■ SUPPLIED INFORMATION
● ● ●
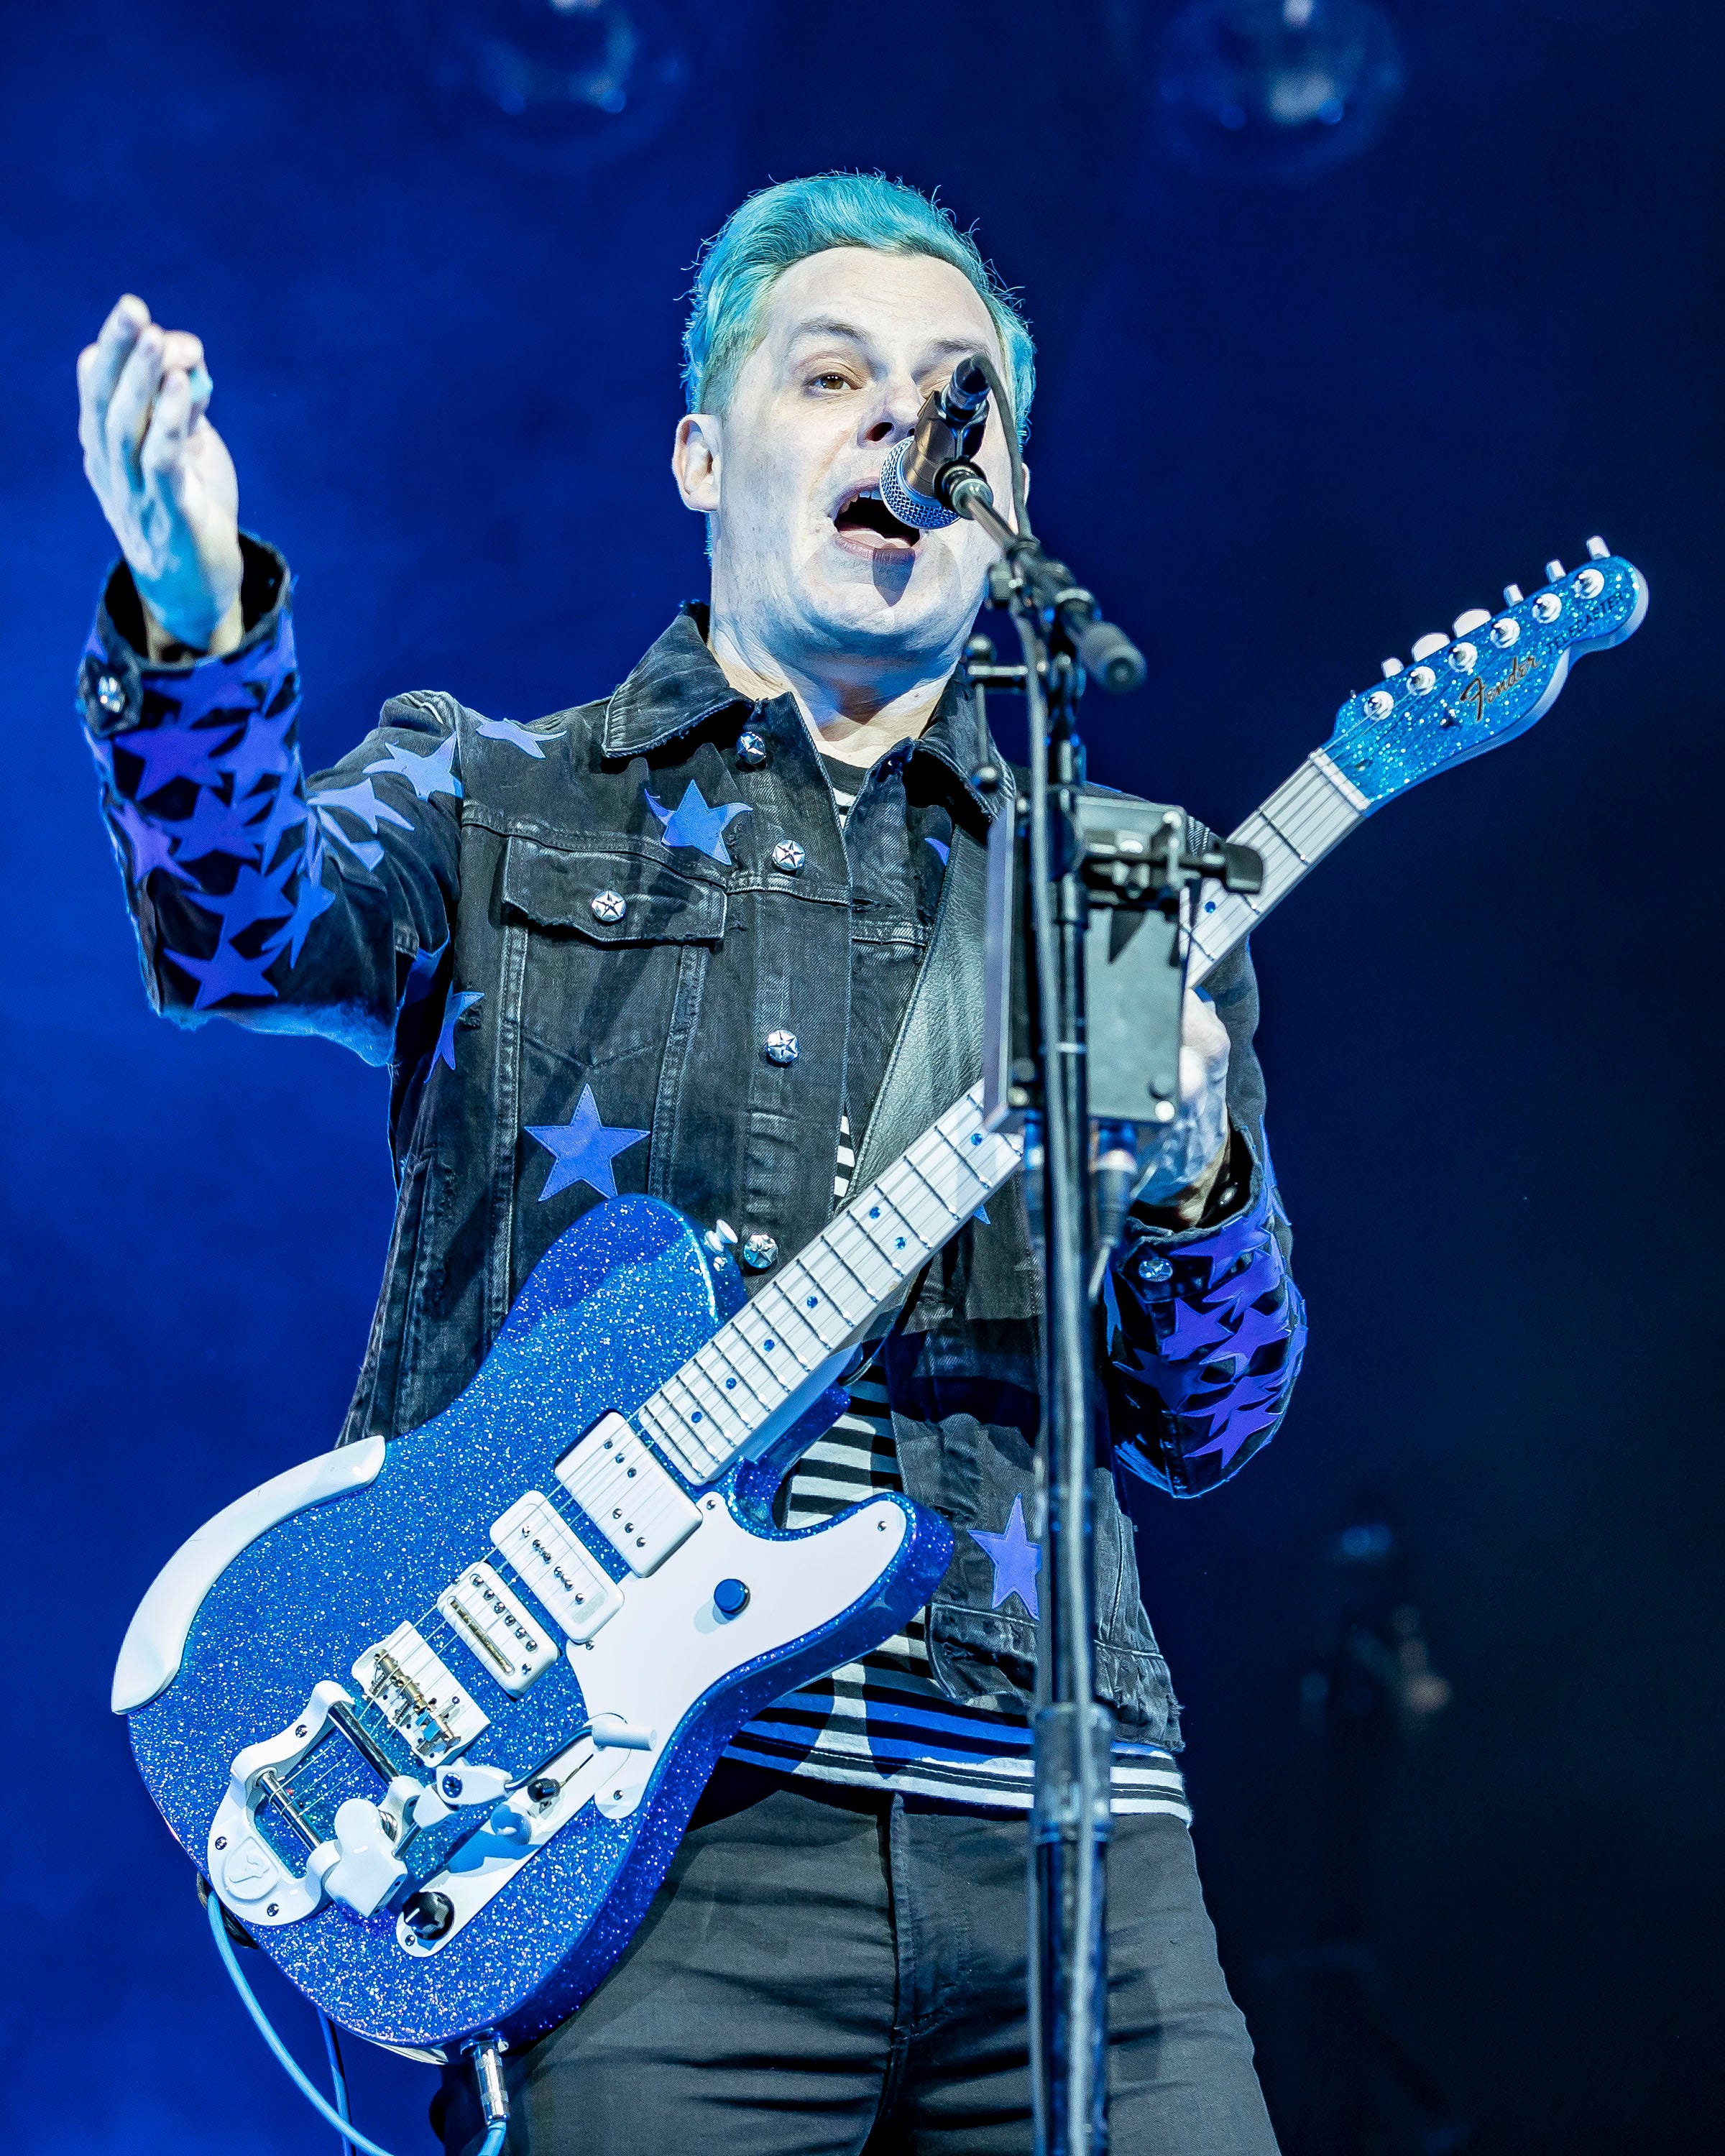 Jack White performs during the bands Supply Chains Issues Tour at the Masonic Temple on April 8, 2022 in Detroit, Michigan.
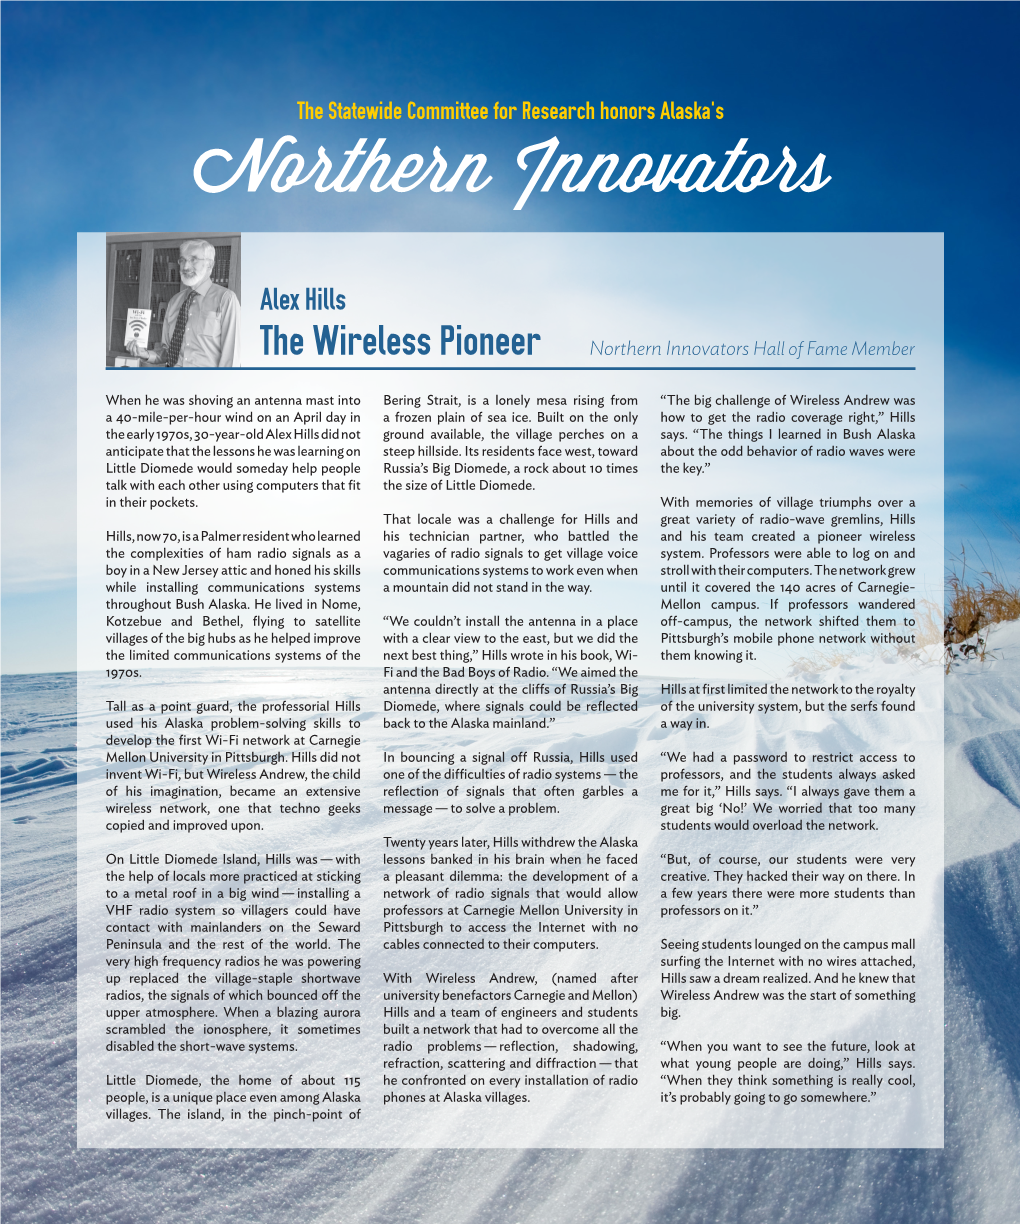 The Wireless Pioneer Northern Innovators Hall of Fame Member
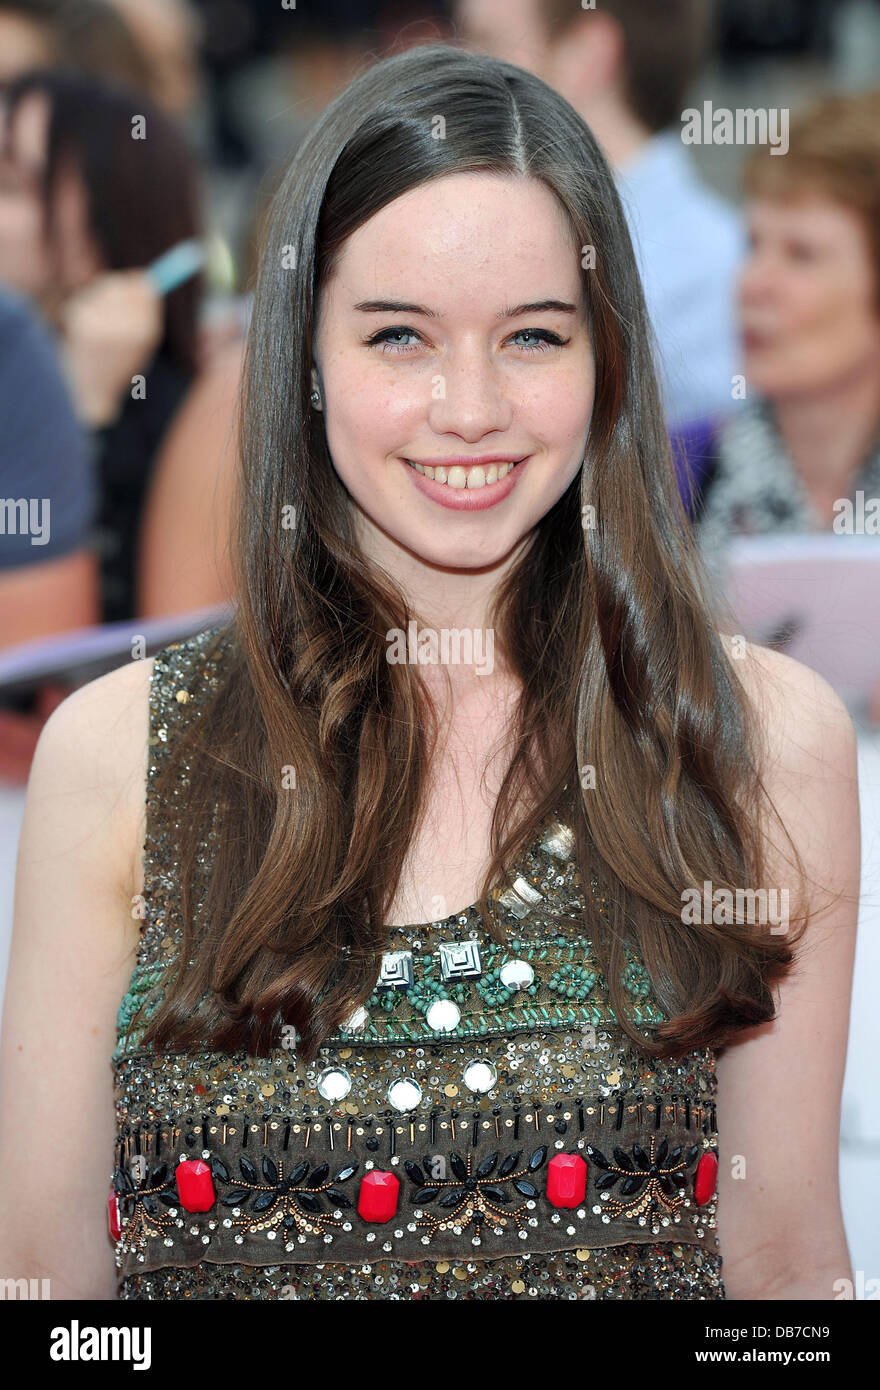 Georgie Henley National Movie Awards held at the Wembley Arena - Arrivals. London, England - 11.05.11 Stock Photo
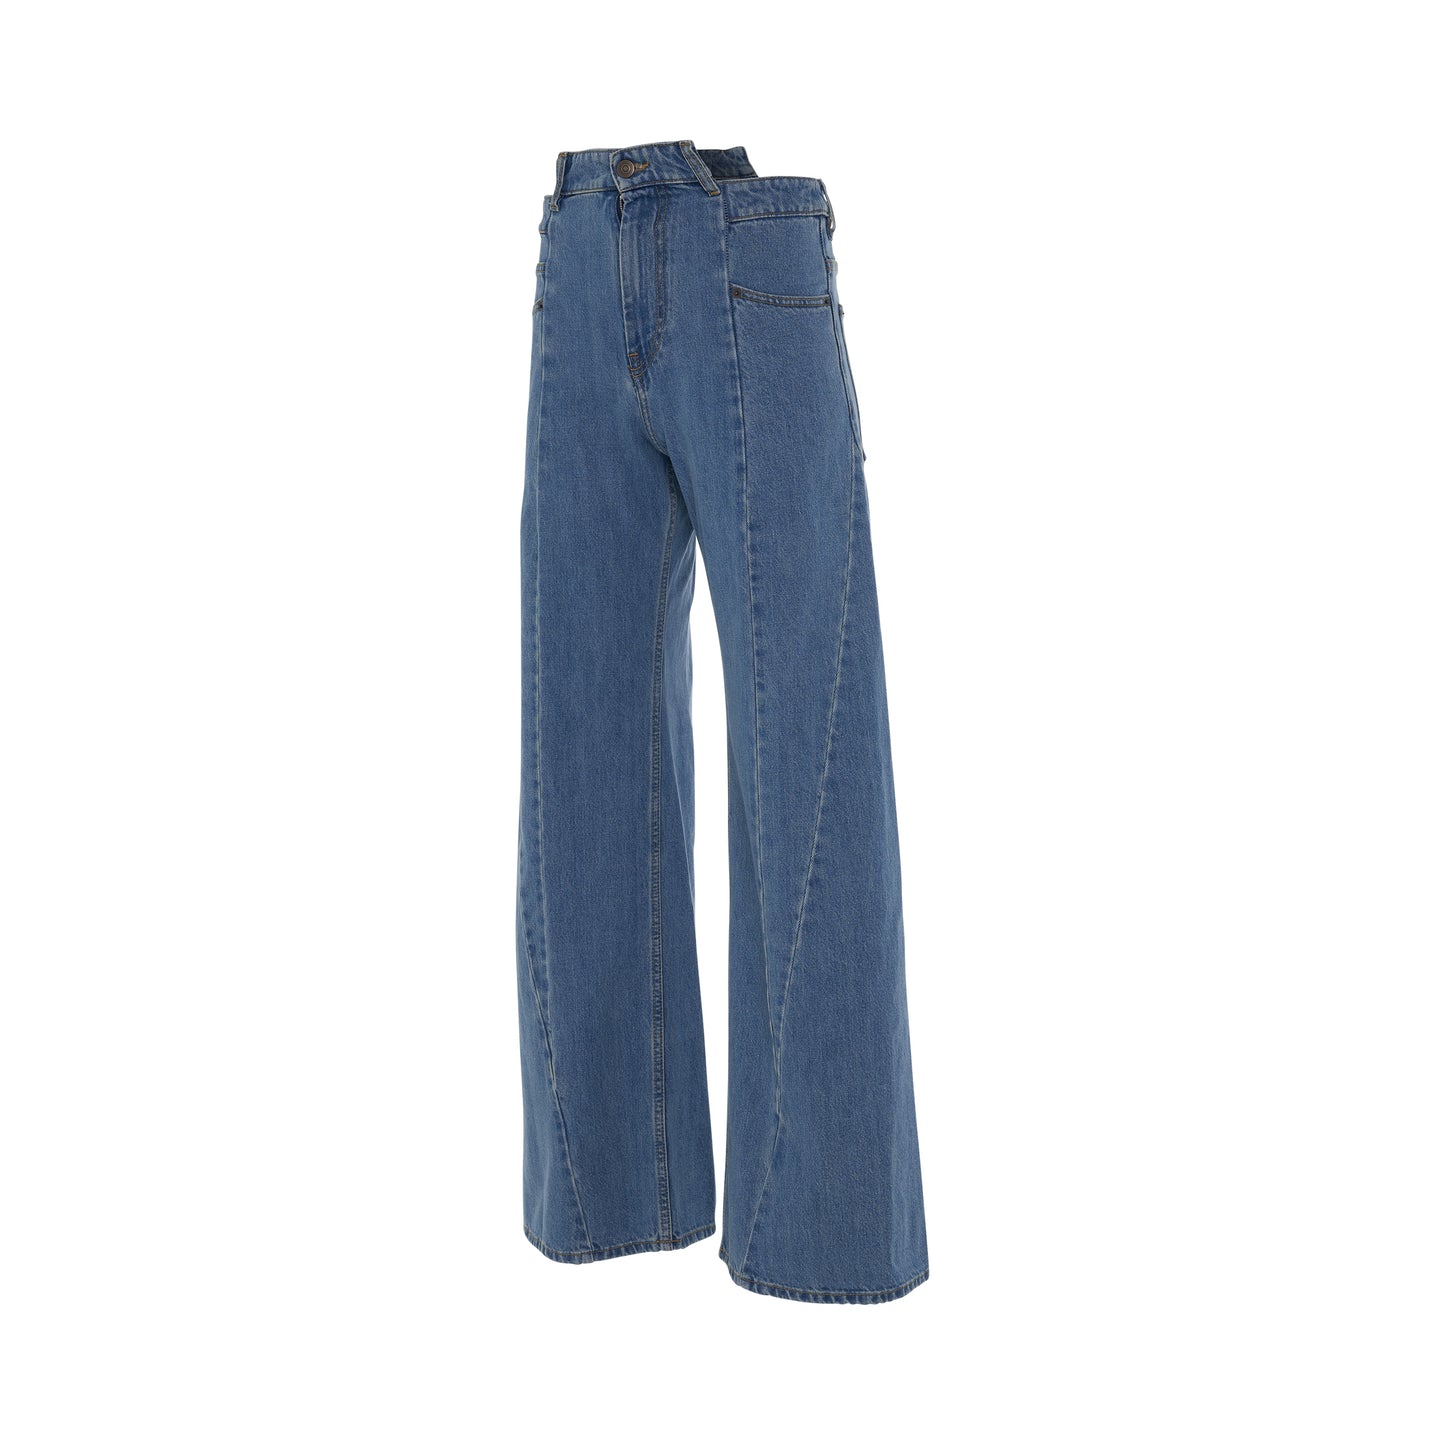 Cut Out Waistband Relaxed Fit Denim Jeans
● ● ●
■ YOUR OBJECTIVE
Everything above except the pictures needs to be reproduced exactly.

■ ANSWER SECTION
 Jack White performs during the bands Supply Chains Issues Tour at the Masonic Temple on April 8, 2022 in Detroit, Michigan.
 The Wireless Pioneer Northern Innovators Hall of Fame Member
 Georgie Henley National Movie Awards held at the Wembley Arena - Arrivals. London, England - 11.05.11 Stock Photo
 Cut Out Waistband Relaxed Fit Denim Jeans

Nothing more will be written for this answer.